Snap Inc., the firm that owns the hugely popular social media app Snapchat, had coughed up 213 million US dollars for its acquisition of the social maps app Zenly, as duly stated in its 10-Q SEC (Securities Exchange Commission) filings document.
Snap’s stock took a beating post its announcement that its earnings for Quarter 1 and Quarter 2 were below expectations as well as its dismal growth in its user base. The stock closed approximately fourteen percent down at 11.83 USD a share (1.94 USD down from the day’s opening).
Snap had, in June this year, launched the location sharing feature on its app Snapchat called Snapmap. This had led many to comment on its similarities with the Zenly Social map (a social media application based out of France).
Some of its users had even gone to the extent to state that Snap had blatantly copied Zenly’s platform on its own Snapchat platform.
What these regulatory filings prove is that Snap had not blatantly ripped off Zenly’s platform. Rather, it had instead shelled out a whopping 213 million USD for Zenly’s team.

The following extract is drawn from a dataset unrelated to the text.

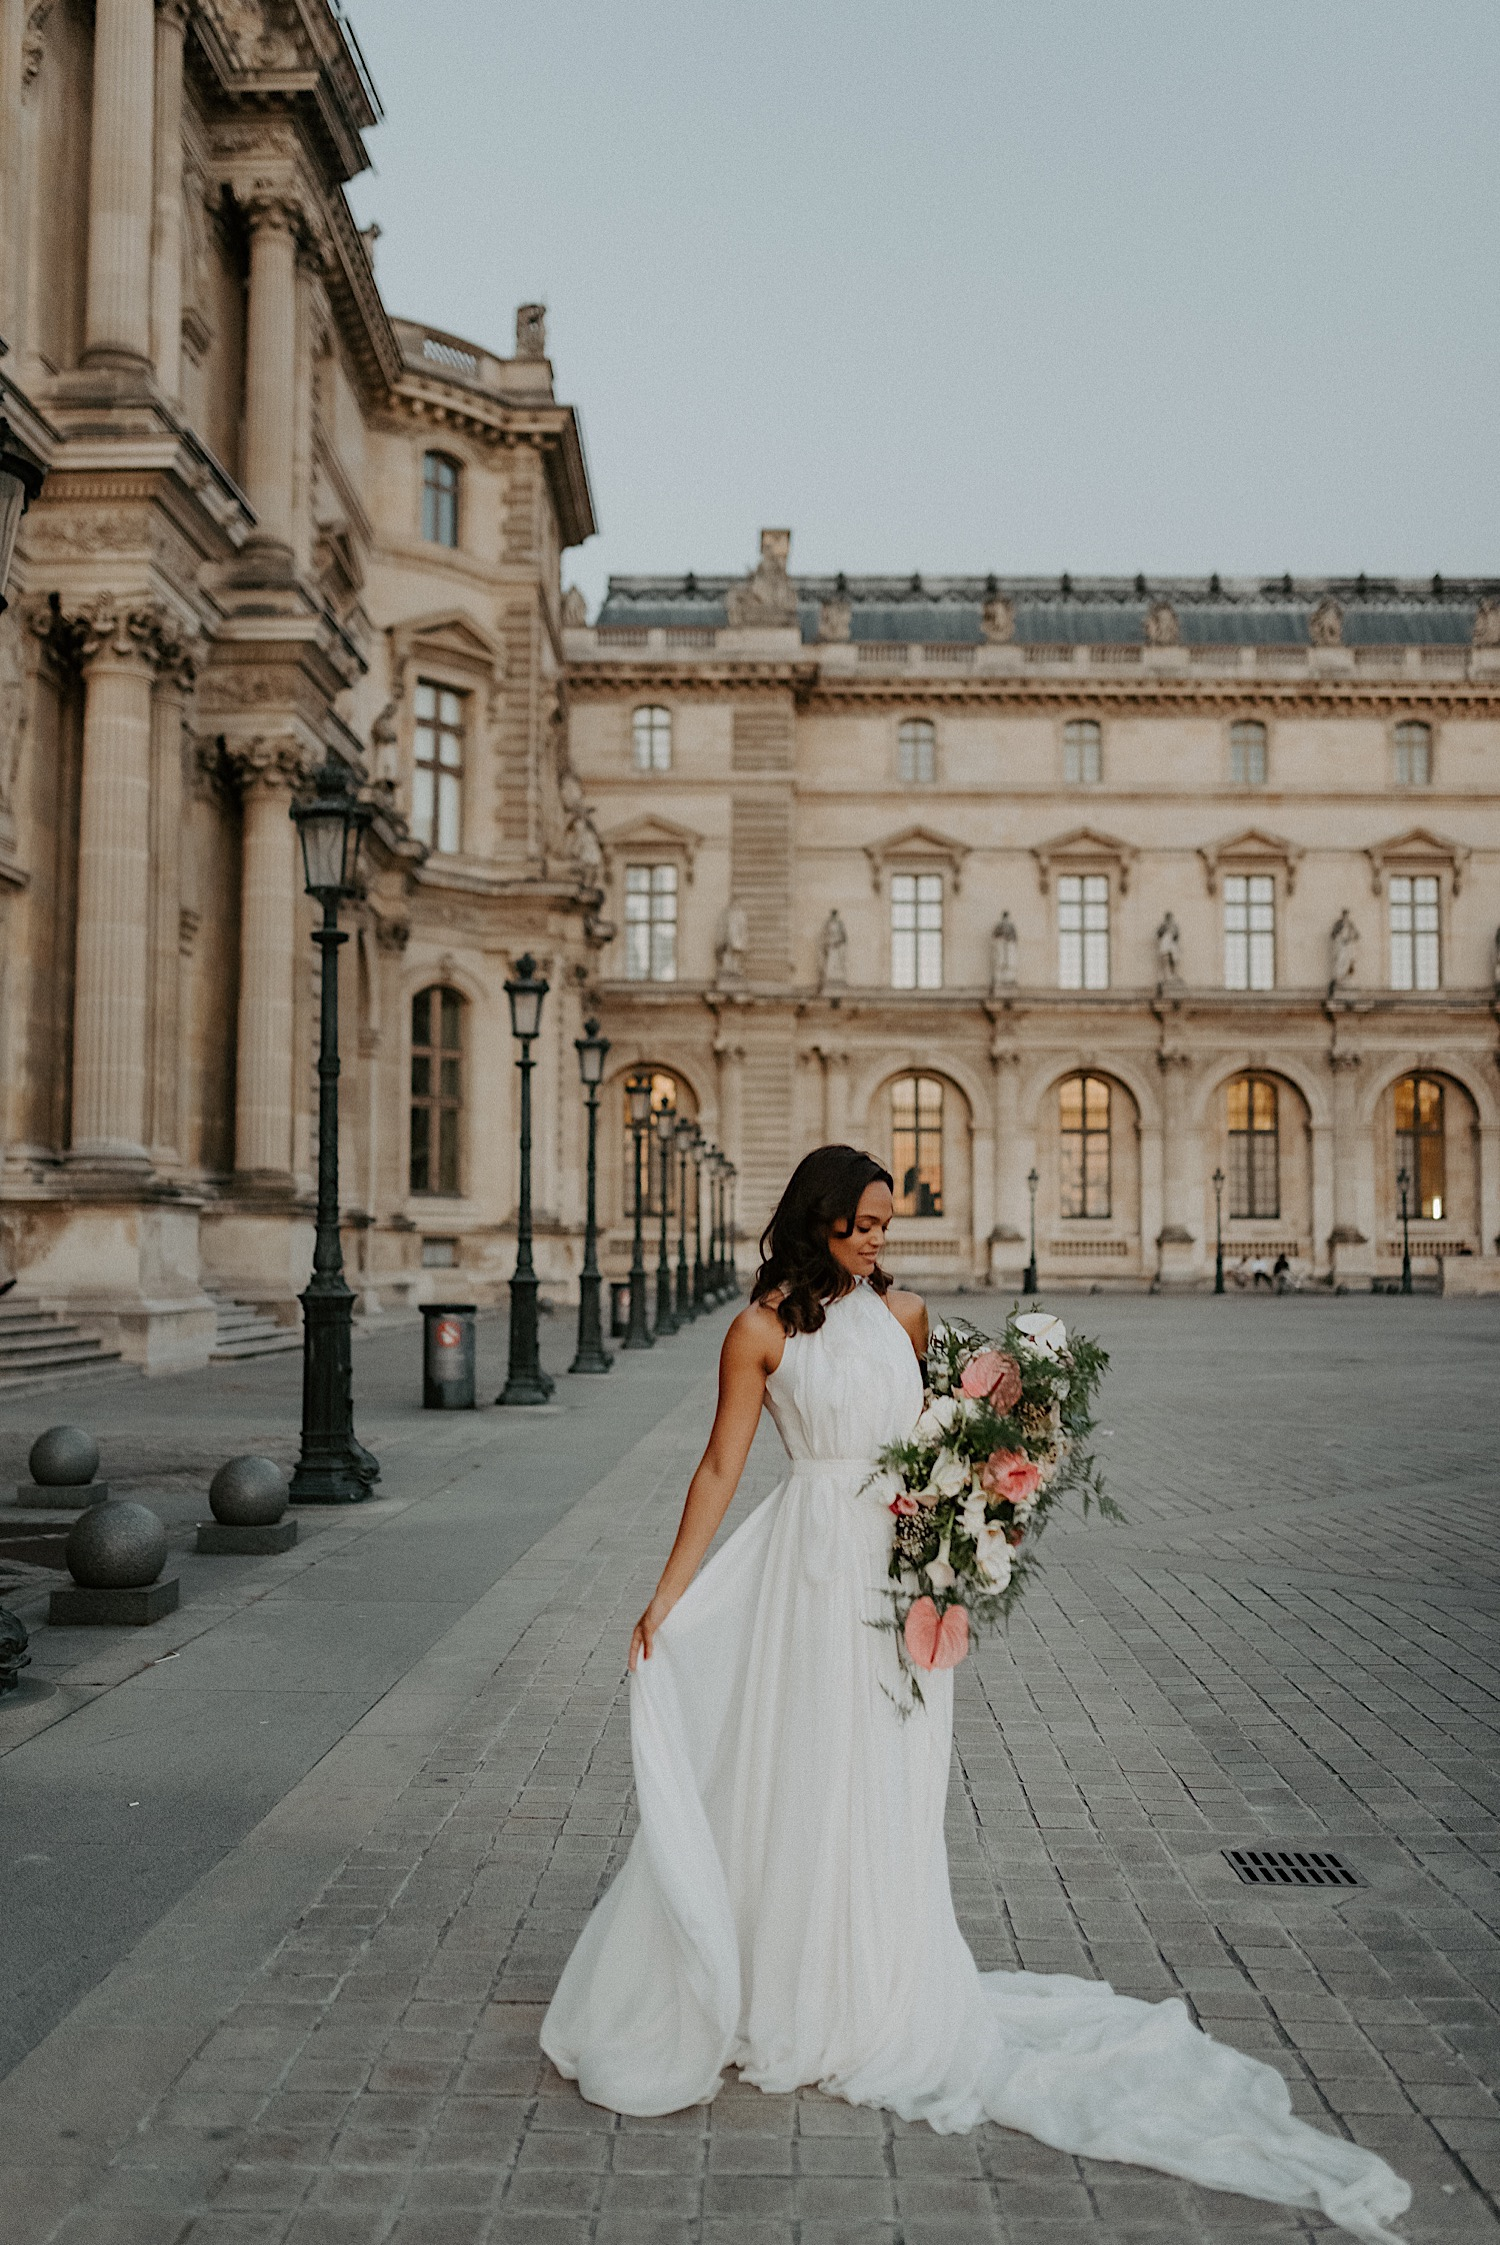 Paris Louvre Wedding Photos Paris Wedding Photographer Destination Wedding France Anais Possamai Photography 34

Yes, that’s right, Snap just acquired the Zenly team to develop a similar set of features for Snapchat and agreed that the Zenly app operate independently.
The Zenly Social maps, as well as Snapchat’s Snapmap both offer the same functionality as of now, i.e., allowing the user to keep track of his/her friends’ movements and locations across the globe.
The filings with market regulator SEC also state that Snap had paid 135.2 million USD for the acquisition of an advertising measurement services company. The same filing also reveals that Snap had also paid 62.1 million USD for the acquisition of a part of a social advertising software company and also a startup that operates a cloud based platform for building content online.
Even Snap’s proprietary product, the Snap spectacle has managed to just get in 5.4 million USD in revenues in quarter 2, which is a thirty-five percent decrease in sales as compared to Quarter 1.
The Tough Road Ahead
Snap Inc. is currently taking a beating with not being able to meet investor and street expectations and its stock is going to witness volatility in the medium term unless Evan Spiegel and team pull their socks up and start innovating to launch better products and features that can be monetized easily.